No auge do sucesso da escola, a gente já estava acostumada, mas os visitantes estranhavam um pouco aquele pessoal circulando de boca torta e meneios de cabeça intrigantes. Até a mim, primo estimado, Walter aplicou uns dois sorrisos de desdém. E tudo corria bem, até a fatídica noite em que os filósofos do desdém foram tomar umas cervejas no antigo bar de Waldemar, hoje de Espanha. Cerveja pra lá, cerveja pra cá, prédicas pra cá, cerveja pra lá — chegou a hora de fechar o bar. Waldemar entregou a conta a Walter. Recebeu um sorriso de desdém de derrubar qualquer um. A mesma coisa com todos, sorriso de desdém por tudo quanto é canto, em vez do dinheiro da despesa. Waldemar, que se interessava muito pouco por filosofia, ficou bastante agastado com aquele comportamento e foi se queixar ao coronel Ubaldo — avô de Walter e meu. O coronel, que não era conhecido por sua munificência, pagou a dívida, mas espinafrou a escola, proibiu suas atividades e, em mais um exemplo da incompreensão que costuma perseguir os filósofos, interditou as instalações acadêmicas e — calamidade das calamidades — confiscou o Caldas Aulete, negando, assim, à Humanidade aquilo que poderia vir a ser uma verdadeira revolução no pensamento ocidental.
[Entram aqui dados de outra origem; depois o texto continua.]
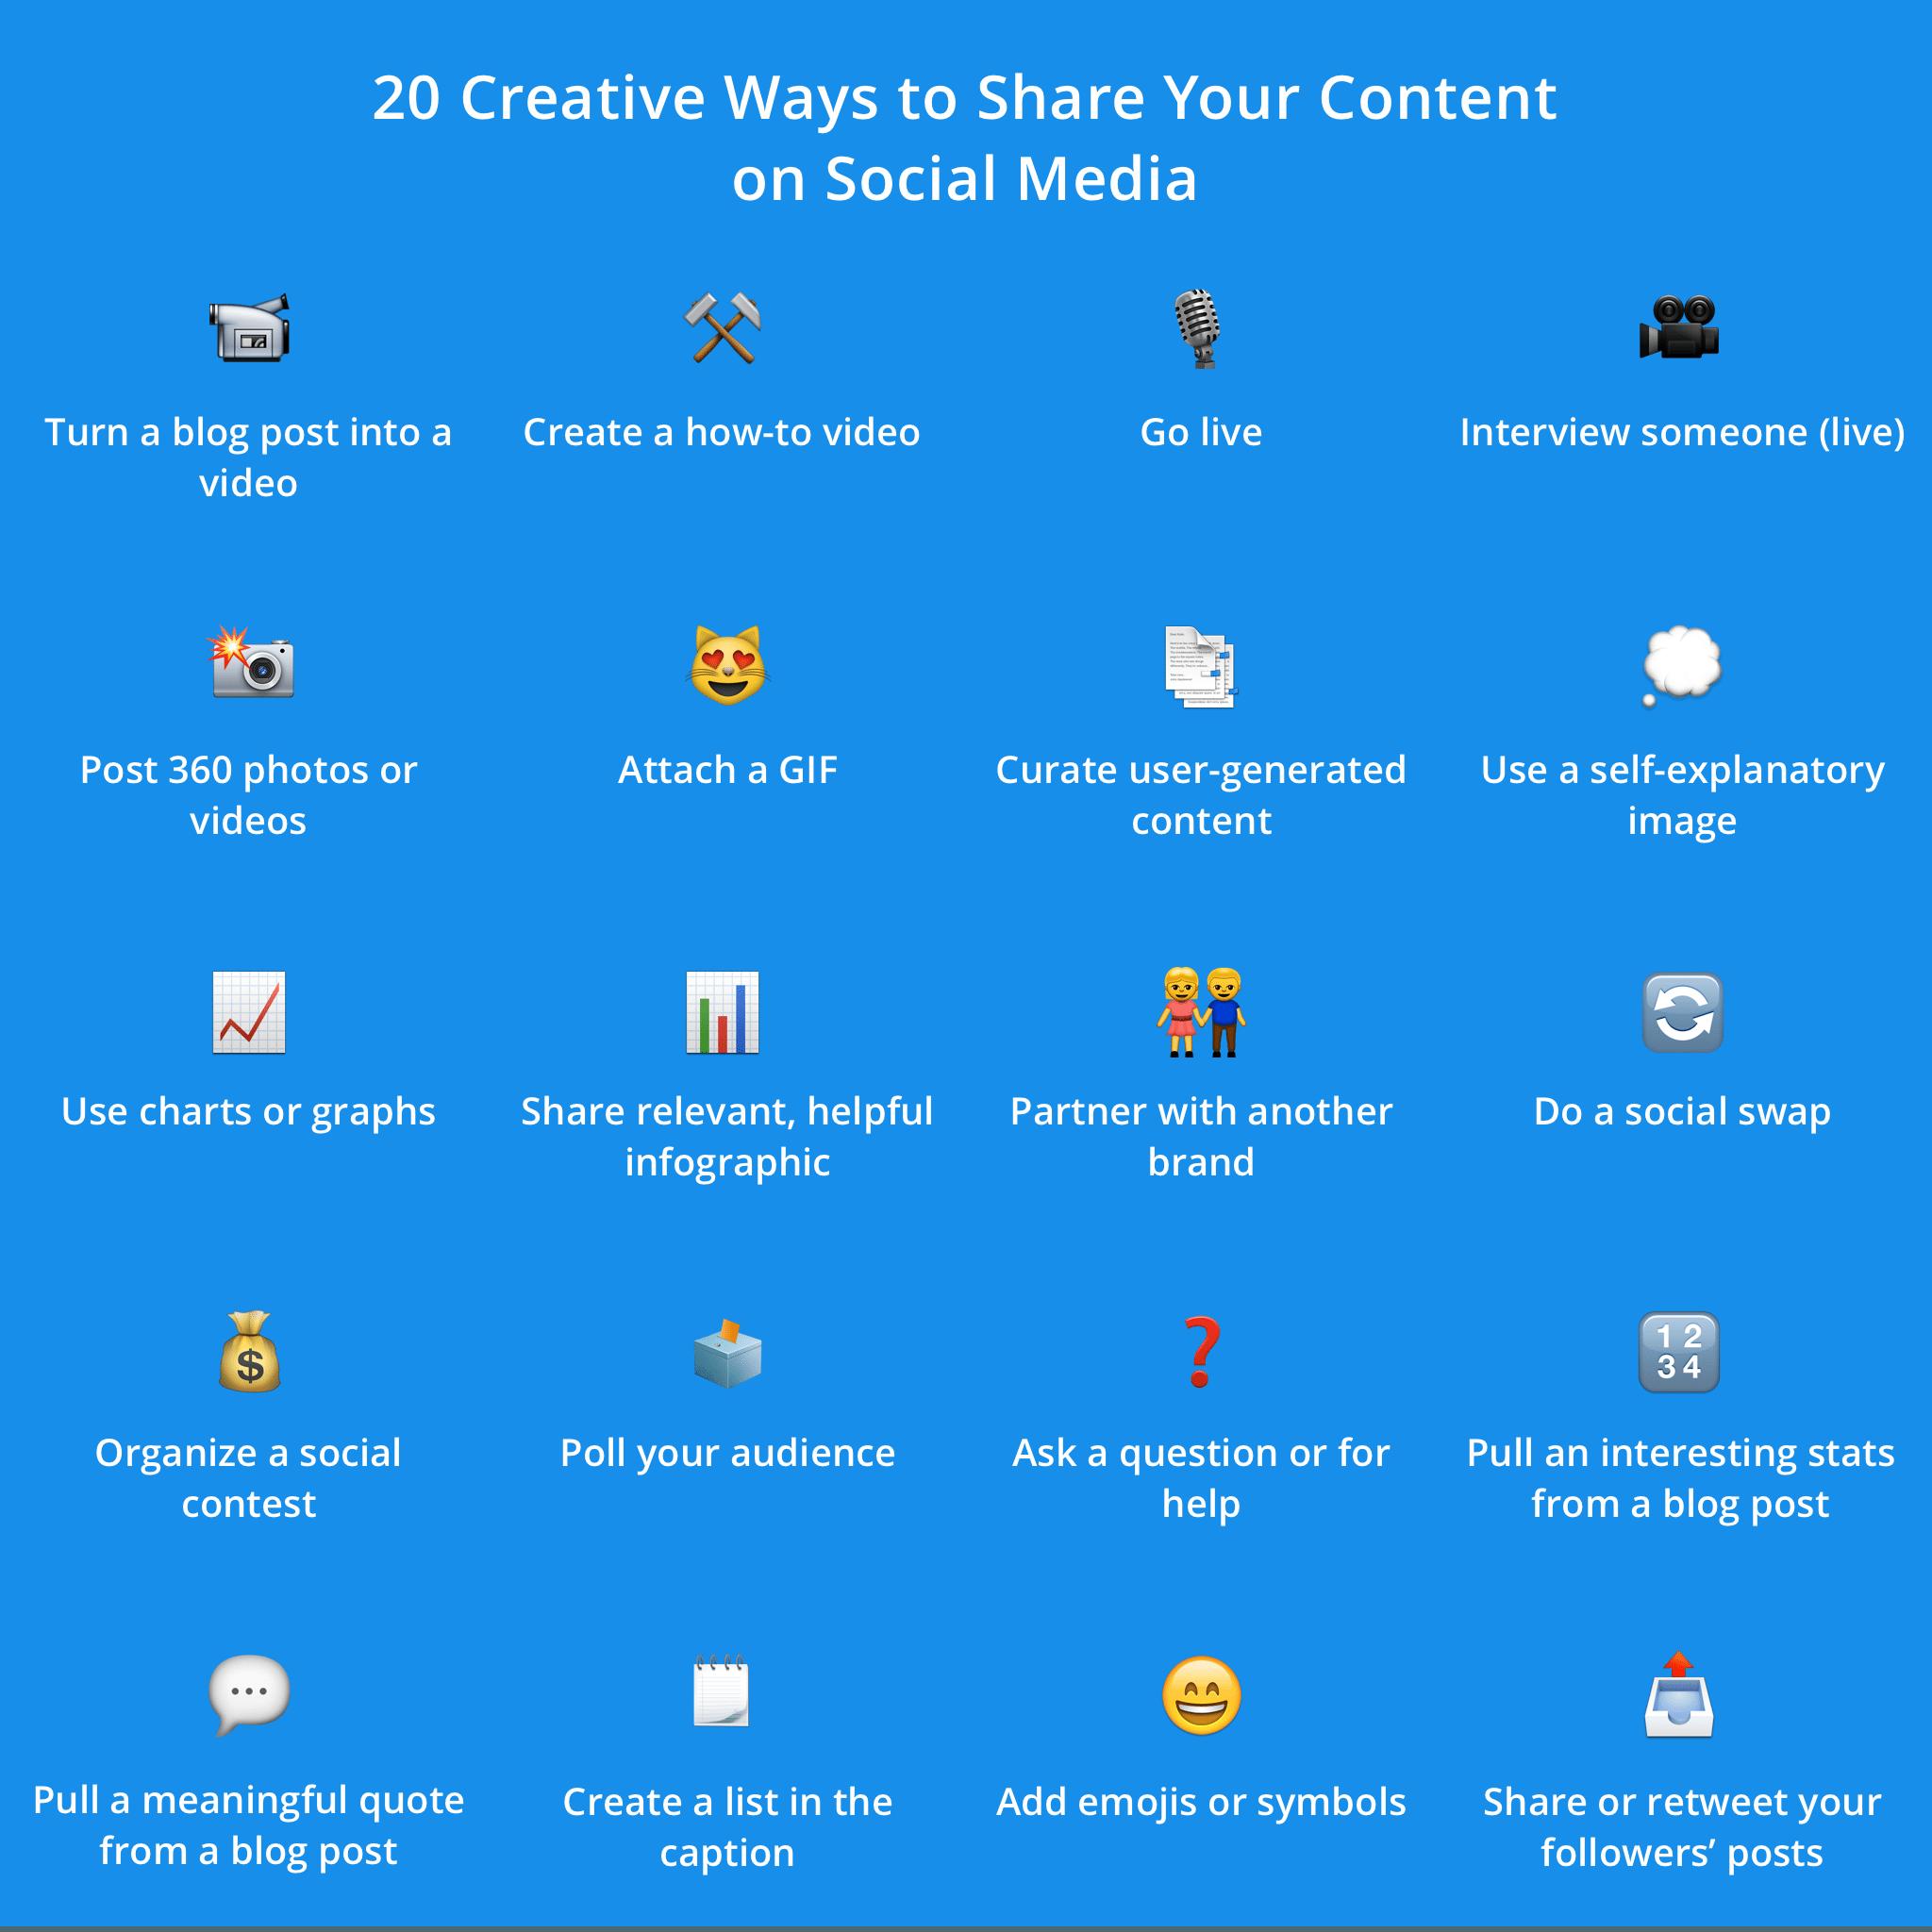 20 Social Media Content Ideas

Se bem que, quando vejo certas autoridades governamentais falando ao povo na tevê, tenho a impressão de que o pensamento de Walter Ubaldo ainda vive.

Para encerrar, transmito-lhes o segredo daquele que chamarei de A., para não prejudicar suas atividades, que continuam florescentes. A. é famoso pelo seu sucesso com as mulheres, mulheres de todas as extrações. Com isso, desperta a cupidez e a inveja de seu vasto círculo de amigos. Qual é o segredo? Ele não se furta a revelá-lo, com grande singeleza.
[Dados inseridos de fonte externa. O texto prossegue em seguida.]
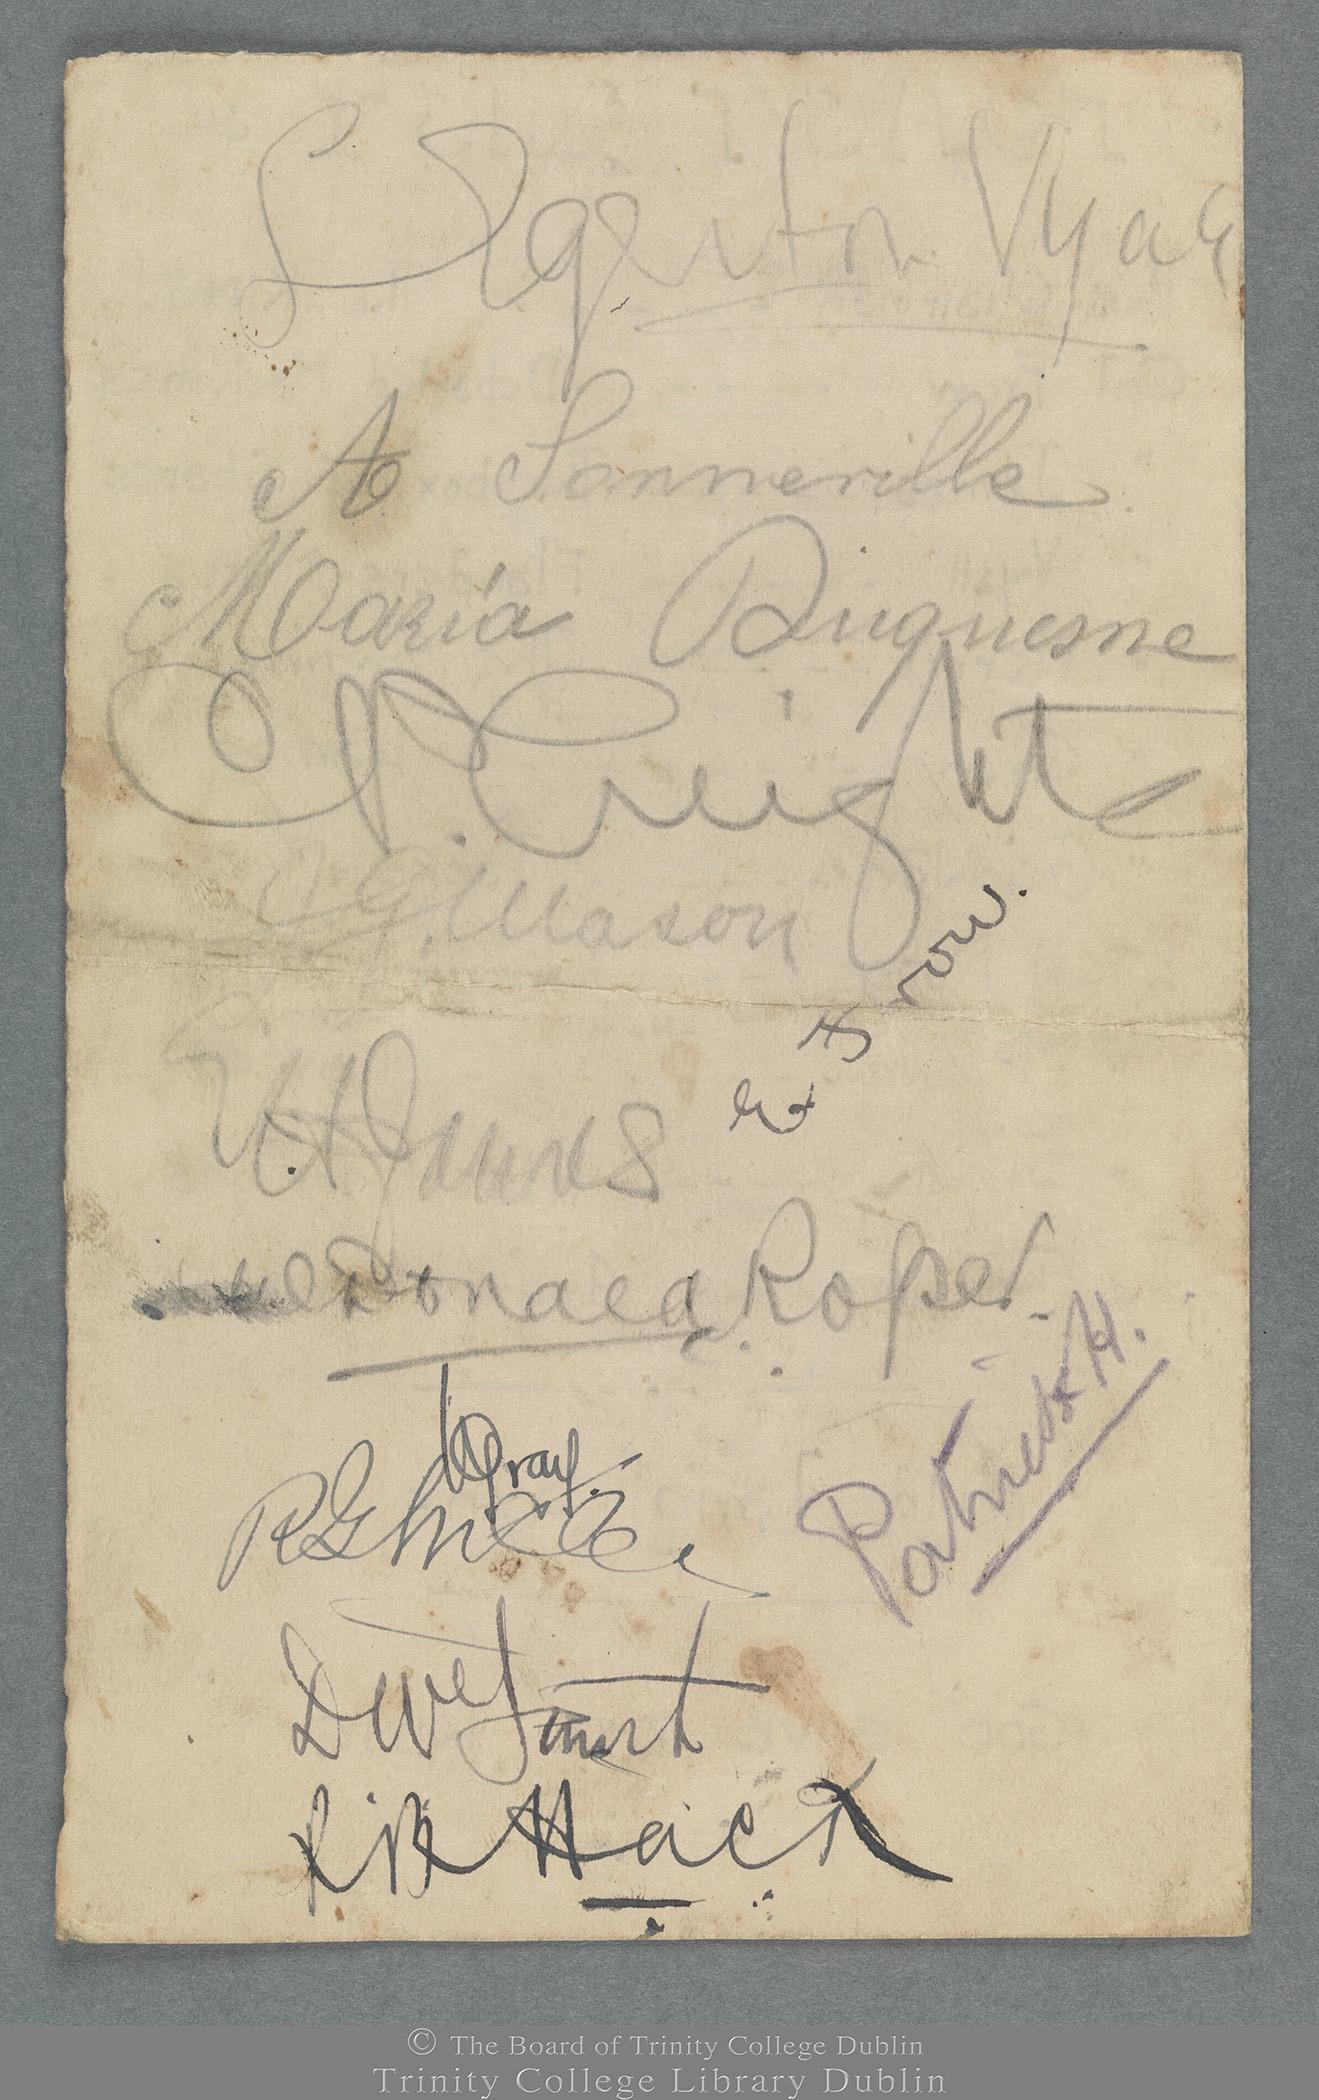 TCD MS 11274/17 folio 2 verso

— Eu conto, mas vocês não acreditam — diz ele.

— O segredo é simpres: mulher é igual a homem.

— Como, igual a homem?

— Igual a homem, igual a homem. Tudo o que o homem pensa de safadeza, ela também pensa. O único truque delas é fazer a gente pensar que existe psicologia feminina. Não existe nenhuma psicologia feminina, só existe psicologia-psicologia, é tudo igual, a mesma safadeza que a gente pensa elas também pensam, igualzinho. Mas aí a gente vai na onda delas e dança. Não existe psicologia feminina. Quando aparece um problema, a gente tem de pensar: se eu fosse ela, o que era que eu fazia? Aí vai, faz isso e dá certo. Mulher é igual a homem.

E, com esta última pérola, despeço-me por hoje. Mulher é igual a homem. Vão em frente que dá certo. E, se não der, paciência, perde-se aqui, ganha-se acolá. Pior seria, se pior fosse.